Two of these wrestlers would begin their time with the company just prior to the take over of WCCW. Coincidently their careers would become more intertwined than they would have ever realized, back in their days in Texas. Mick Foley came to WCCW in November of 1988 and soon joined up Skandor Akbar and his nefarious Devastation Inc. faction. Working under the name Cactus Jack Manson, he quickly established himself as a force to be reckoned with, within the stable of heels. Foley held the USWA Tag Team Titles and the WCWA World Tag Team Titles with “Sheik” Scott Braddock. They had the distinction of being the first tag team champs in the new USWA federation. He also traded the WCWA Light Heavyweight Title back and forth with Eric Embry during Embry’s feud with Akbar’s Devastation Inc. He was beaten by Eric Embry for the title in his last match for the company in 1990. The match lasted 9 seconds.
Mark Calaway, or The Undertaker, as the world knows him, first joined WCCW and debuted in 1984 in the promotion as Texas Red. In his debut match he was pitted against Bruiser Brody, which he lost. He wrestled for a few more years until he moved on to the CWA promotion under Jerry Jarrett, where he worked as The Spoiler and several other lackluster gimmicks. It was fat that ended up bringing him back to Texas when Jarrett became part owners in WCCW. Calaway would re-emerge back in the company in 1989 under the name Master of Pain. He challenged Jerry Lawler to a match for the USWA Unified World Heavyweight Championship upon his arrival. One week later, on April 1st of that year, Calaway won the title from Lawler. This would be the first of many championship reigns for the future Deadman. While competing as The Punisher, he also won the WCWA Texas Heavyweight Championship from Eric Embry on October 5th, 1989 by forfeit before departing from the company. Kerry Von Erich would take that title from him just fifteen days later.

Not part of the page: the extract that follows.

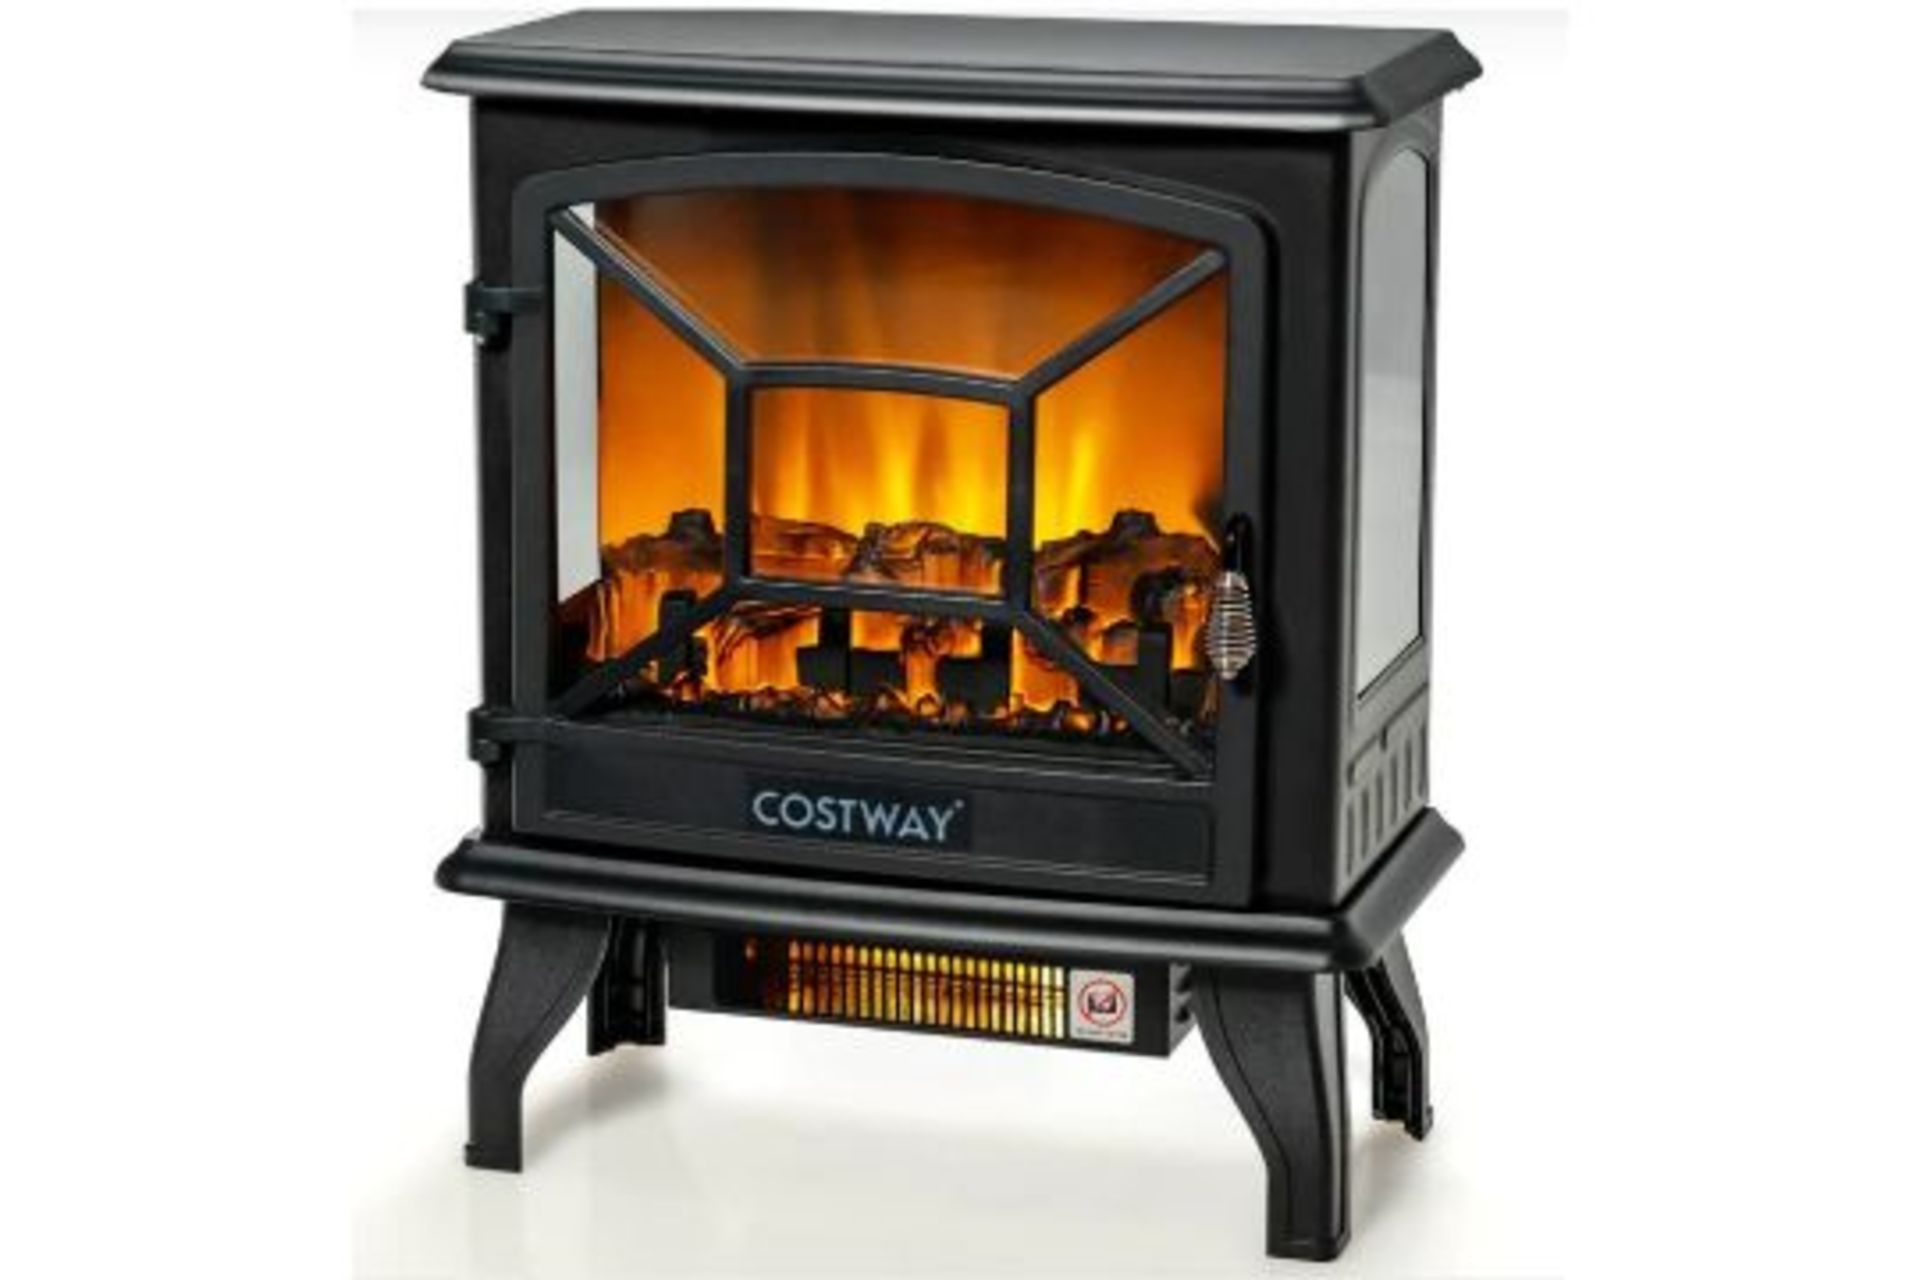 1800W FREESTANDING INDOOR ELECTRIC SPACE HEATER-BLACK. - R14.2. This freestanding fireplace will
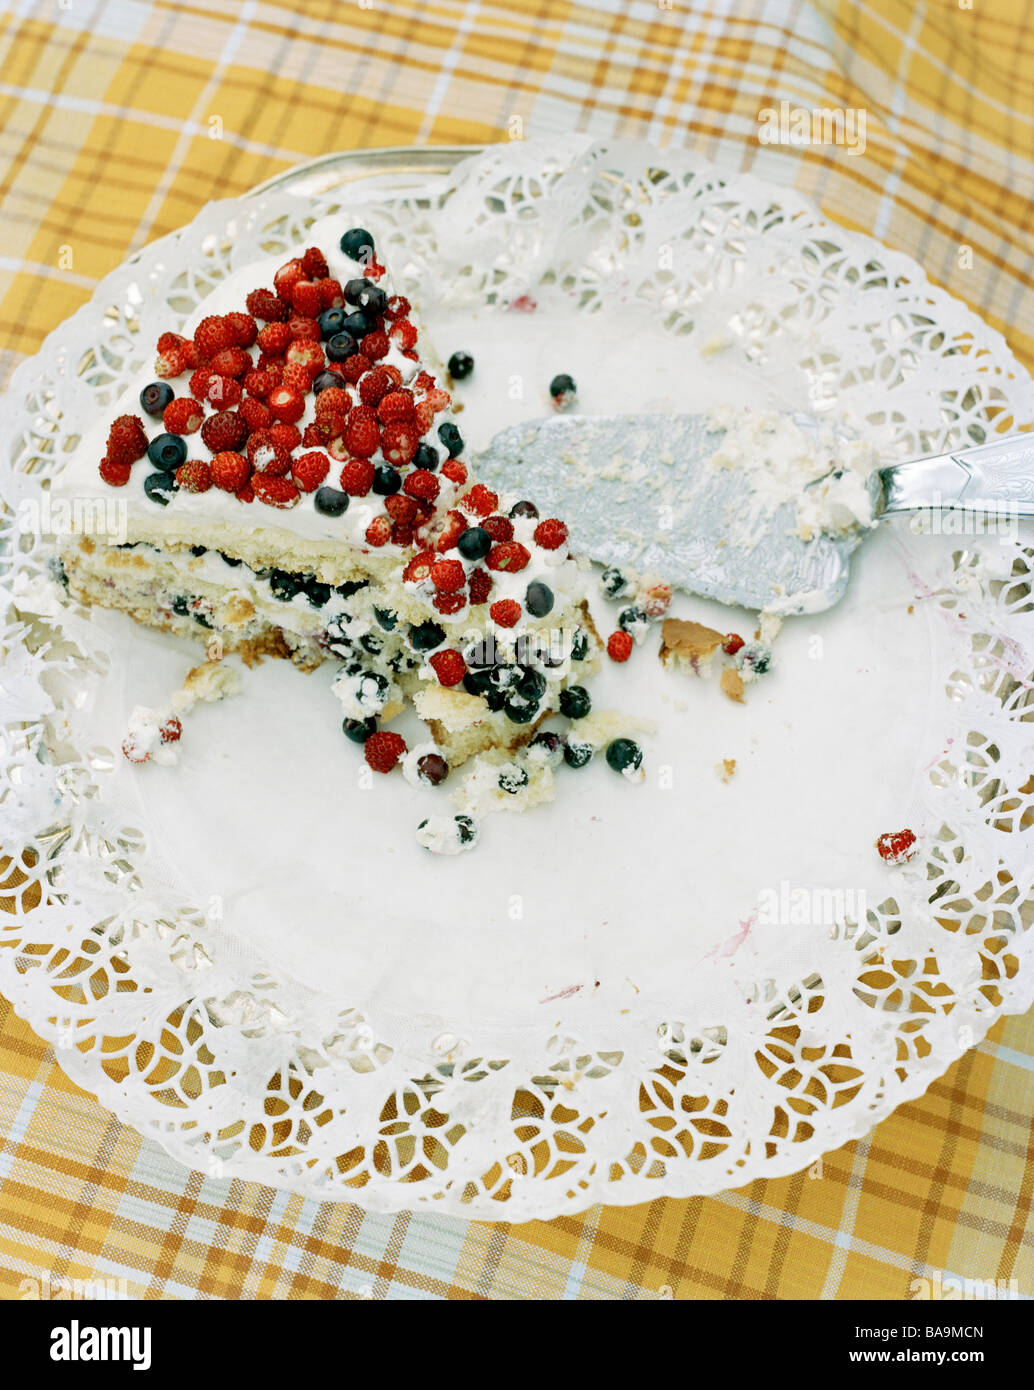 A cake garnished with wild strawberries and bilberries, Sweden. Stock Photo

Eric Embry had the job of booker at WCCW from 1989 until 1991, under the watchful eye of Jerry Jarrett and the Memphis office of his CWA wrestling organization. Jarrett held the sixty percent controlling interest in the Texas territory at this time. As we learned from our last installment, WCCW and the USWA were embroiled in a feud that saw Eric Embry beat Phil Hickerson in a steel cage match to finally settle the ownership of the territory. With his win, Embry cemented the end of WCCW. In reality, Fritz would have never let the majority owner of WCCW at that time, Jerry Jarrett, to continue forward under it’s banner if he wasn’t at the helm. In true defiance, and looking to show that WCCW was very much a dead territory, after the match Embry and his manager at that time, Percy Pringle, proceeded to march to the back of the Sportatorium and rip down the WCCW banner. Several wrestlers shown their disdain for the old company during the celebration but there were some that chose not to participate in the spectacle out of respect for what the Von Erichs had given to wrestling. It wasn’t long after this, that a facelift was given to the Sportatorium, including a new ring, and apron that were brought in to reflect the Renegades Rampage identity of USWA,
The next step in the re-tooling of the old WCCW was to rename it’s television programming to further focus it’s new branding. The World Class Championship and Wild West Wrestling shows were renamed USWA Challenge and the USWA Main Event. With everything in place the next year saw several feuds in the USWA, including a hot rivalry between Eric Embry and heel Billy Travis. Travis used a gimmick that could be seen later in Honky Tonk Man and Jeff Jarrett. He would carry a wooden guitar to the ring, while singing and tormenting the crowd with his bravado. He used the guitar as a foreign object on many opponents, and in one famous story he hit Percy Pringle with a guitar and then told everyone how it was given to him by Mick Jagger. The feud ended in a blinding angle where Travis used a substance that he smeared in Embry’s eyes that sidelined him for several weeks after. That year also saw a feud begin between Eric Embry and Chris Adams that lasted until the end of the decade. At that same time, Adams began training a green student who had traveled to Dallas to start the next phase of his life and begin his wrestling career. Little did he know that this young man from Edna, Texas would change the world of professional wrestling and become the biggest modern era draw to ever lace up a pair of boots.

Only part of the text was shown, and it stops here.